Segment Start: Data shown

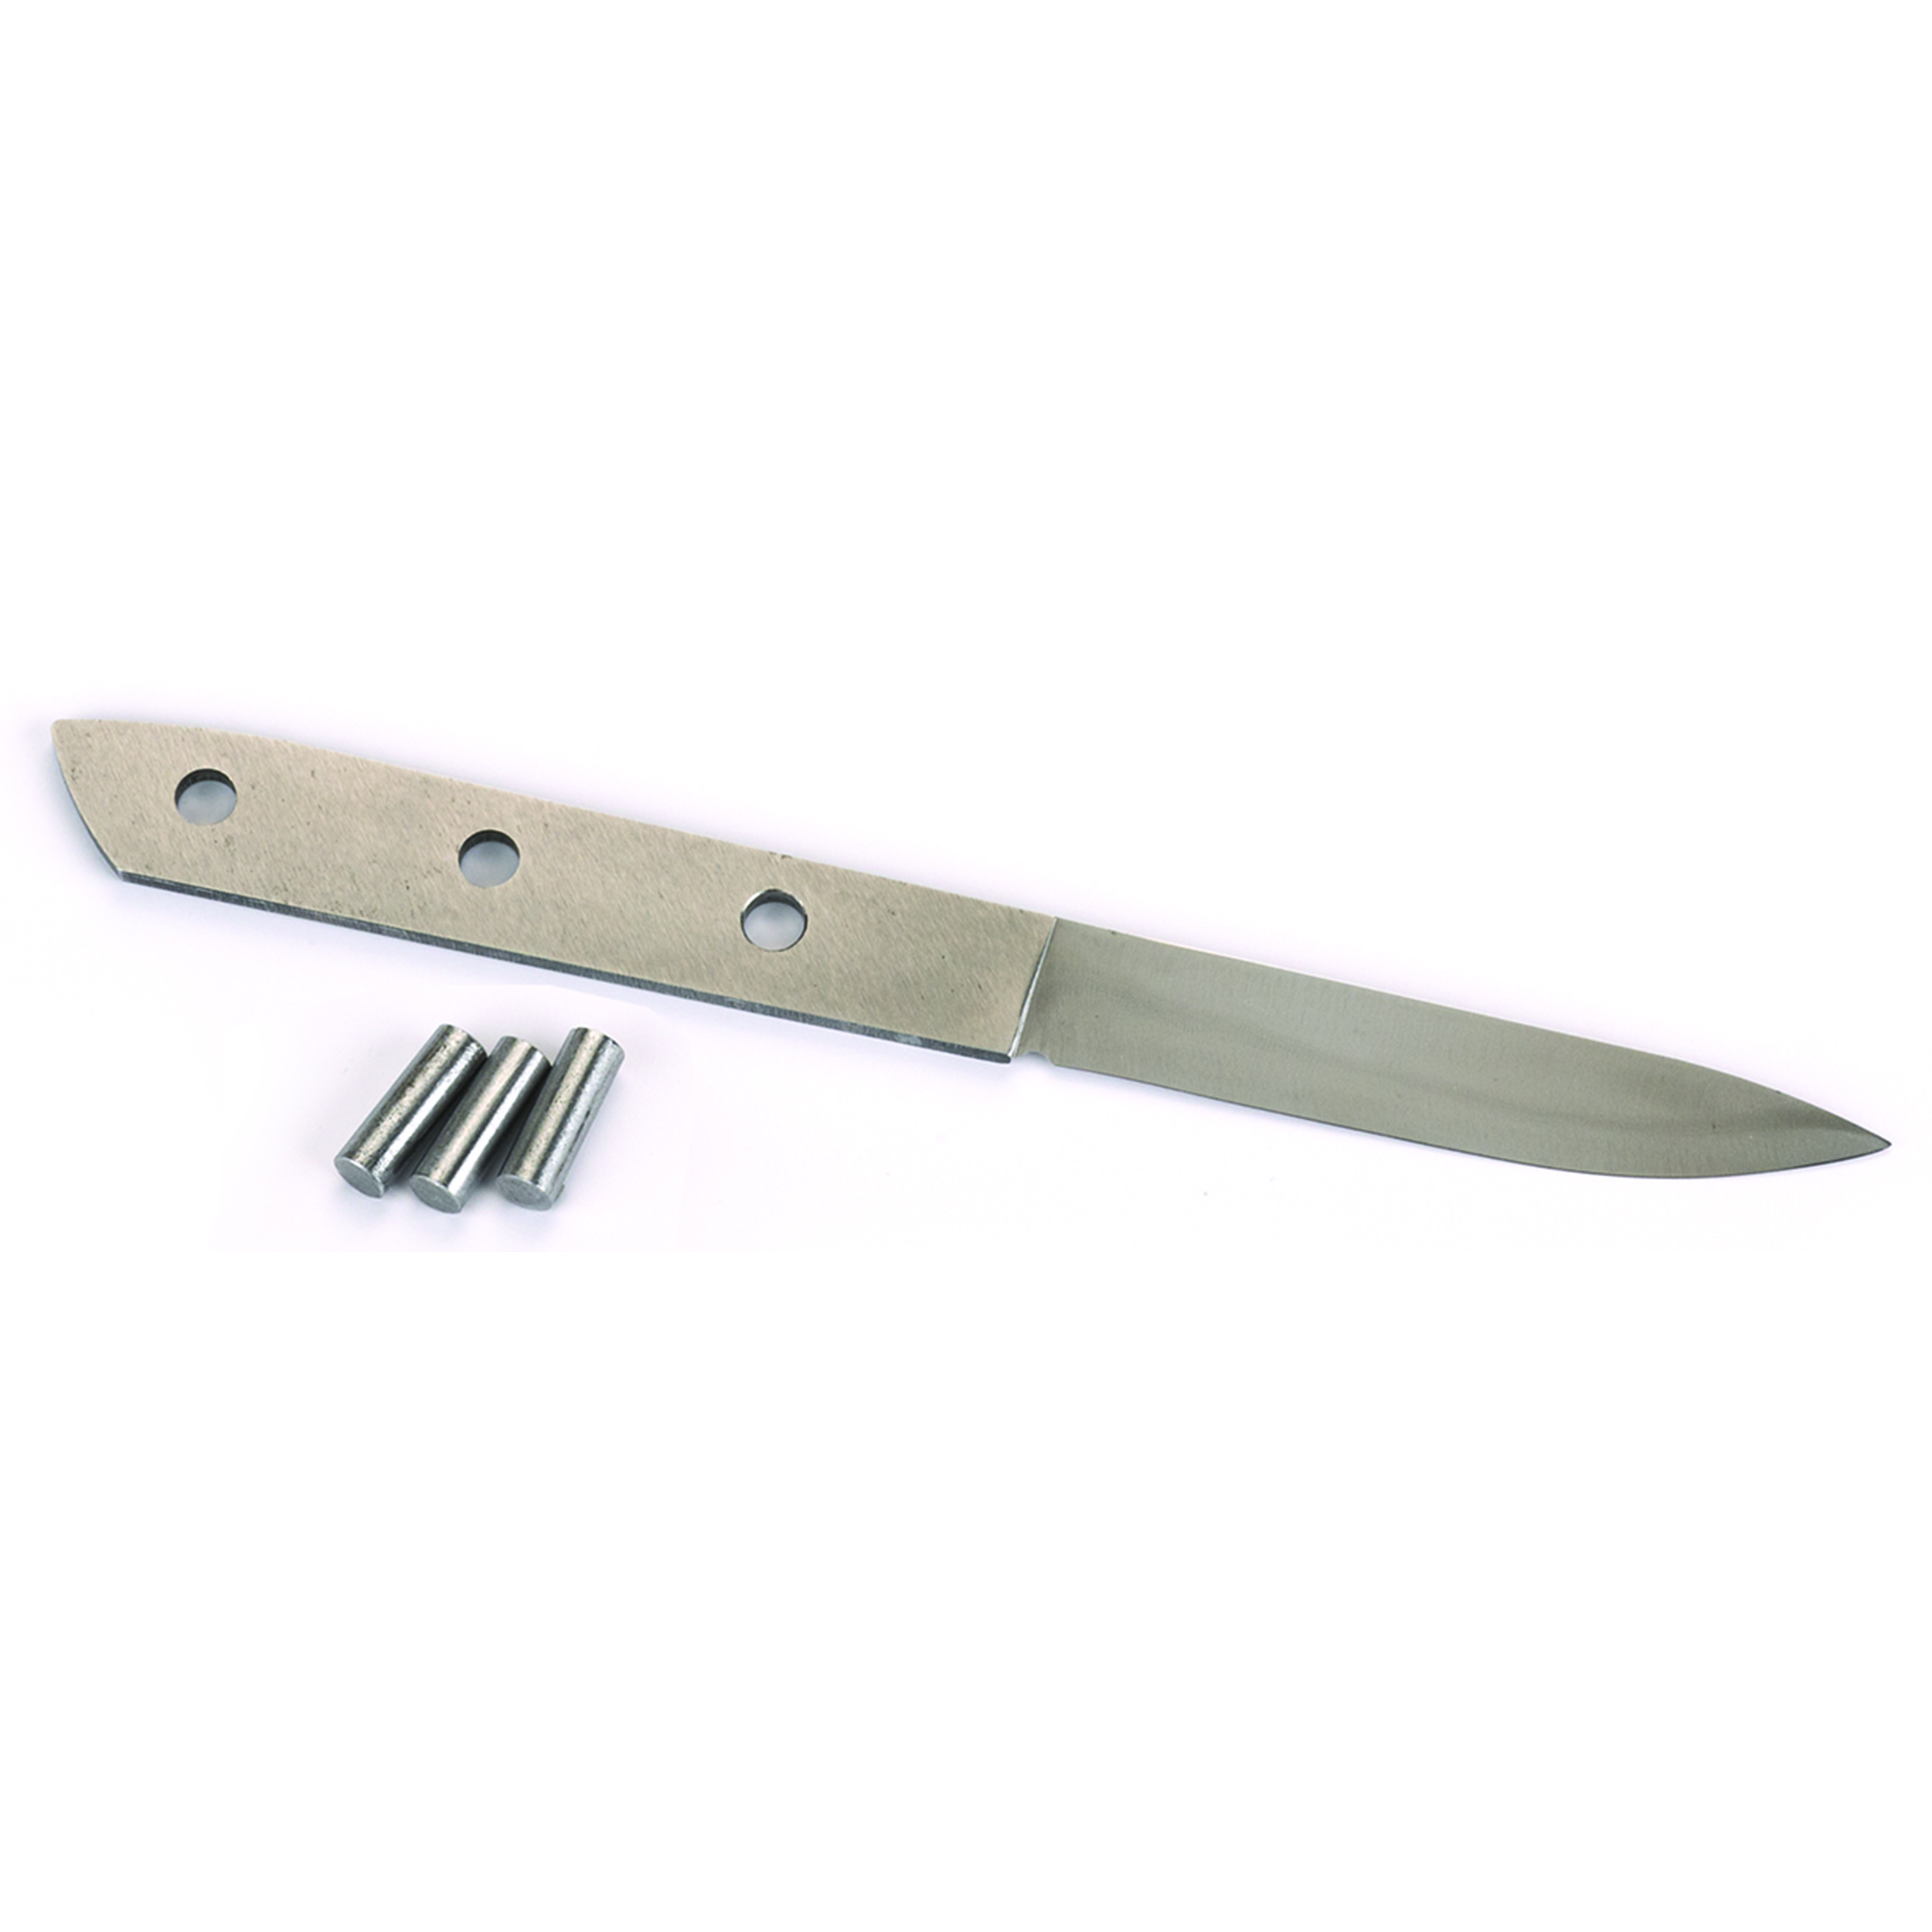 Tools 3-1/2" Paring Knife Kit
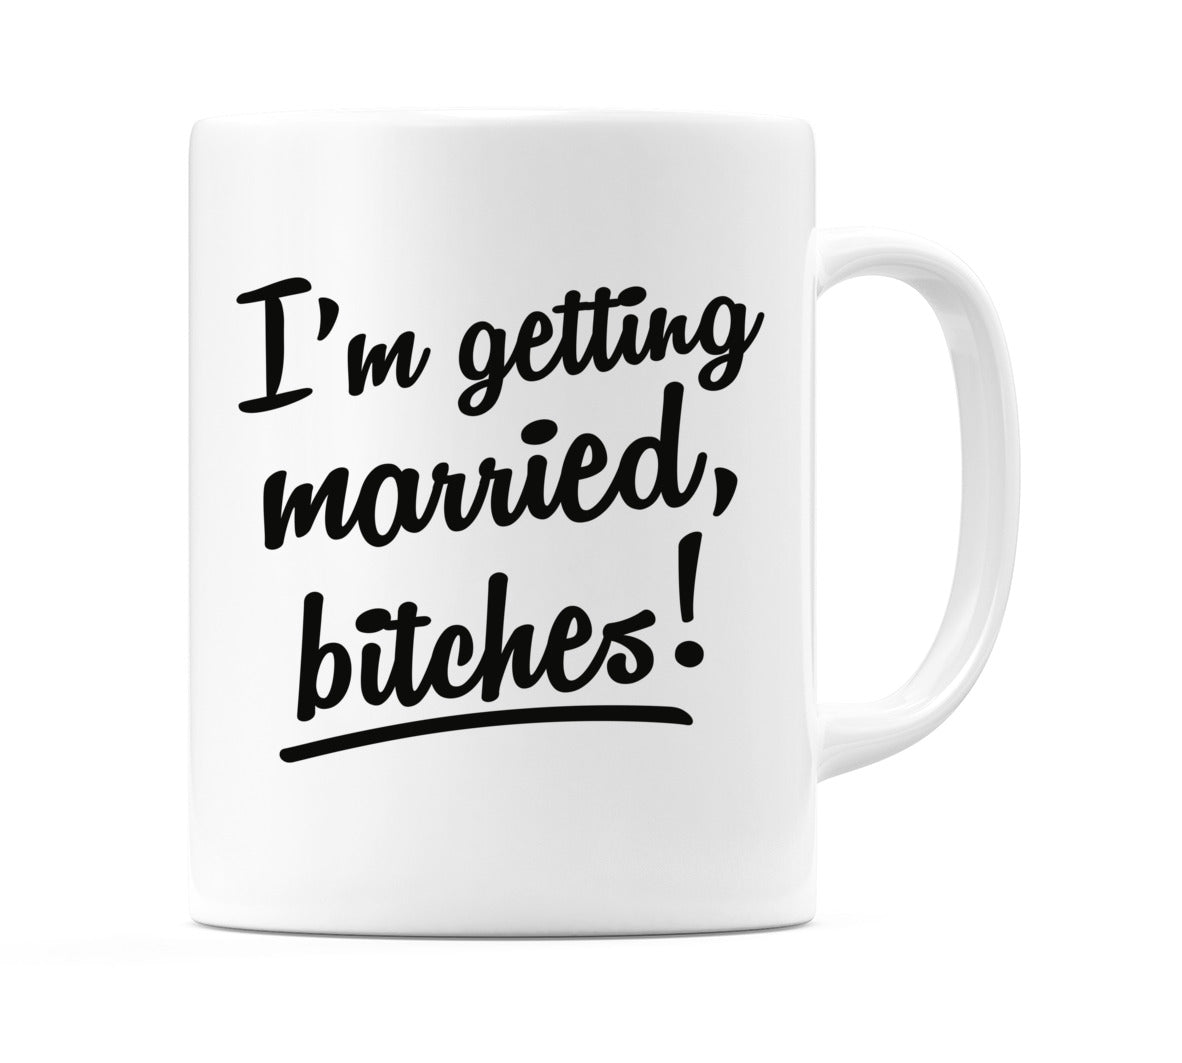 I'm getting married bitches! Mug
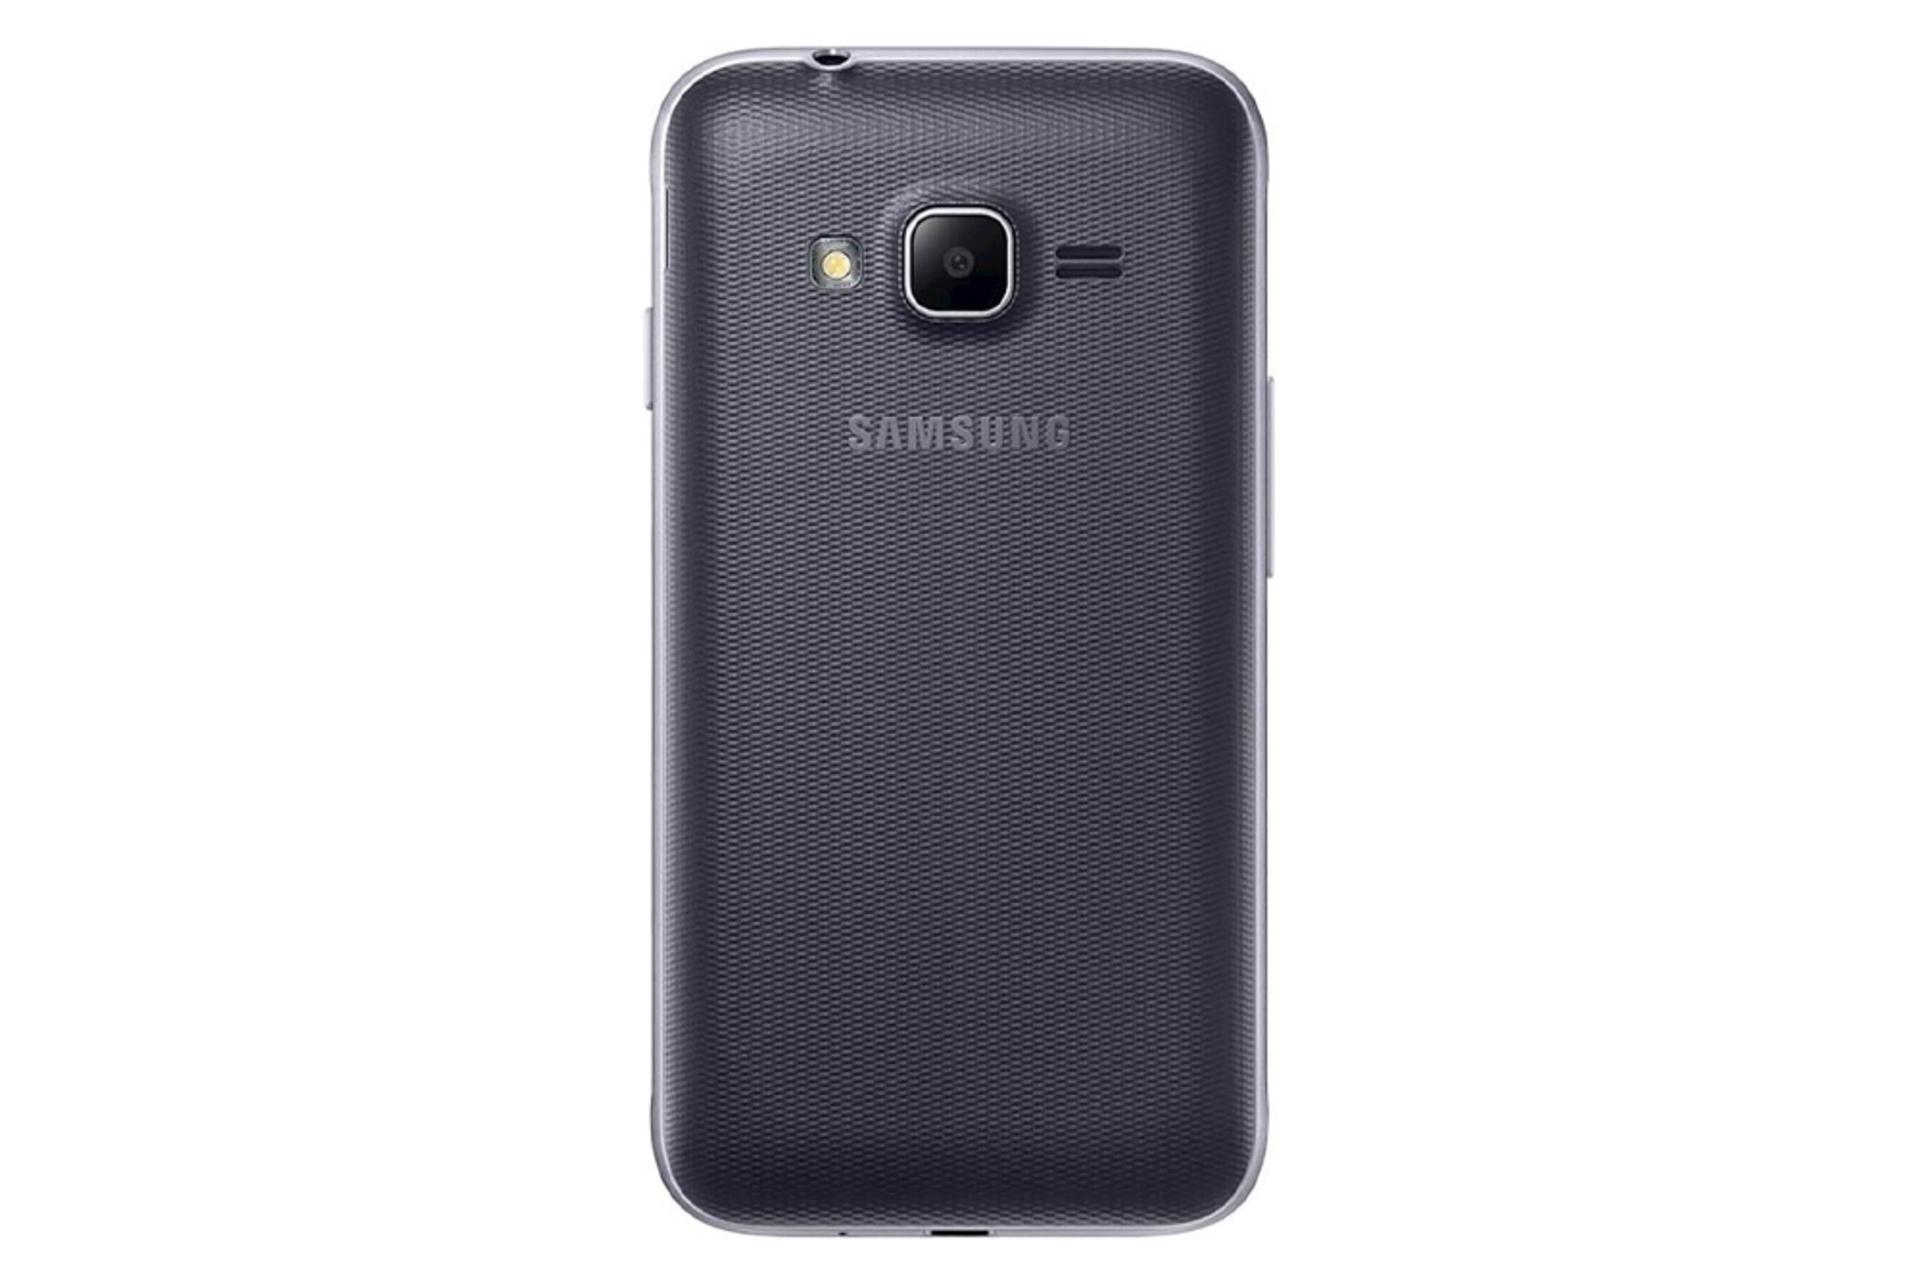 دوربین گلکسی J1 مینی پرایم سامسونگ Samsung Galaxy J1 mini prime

Segment End: Data shown

[Task to complete] Wherever a picture appears in the data, please drop it and retype the rest exactly.

[Written response]
 Tools 3-1/2" Paring Knife Kit
 I'm getting married bitches! Mug
 دوربین گلکسی J1 مینی پرایم سامسونگ Samsung Galaxy J1 mini prime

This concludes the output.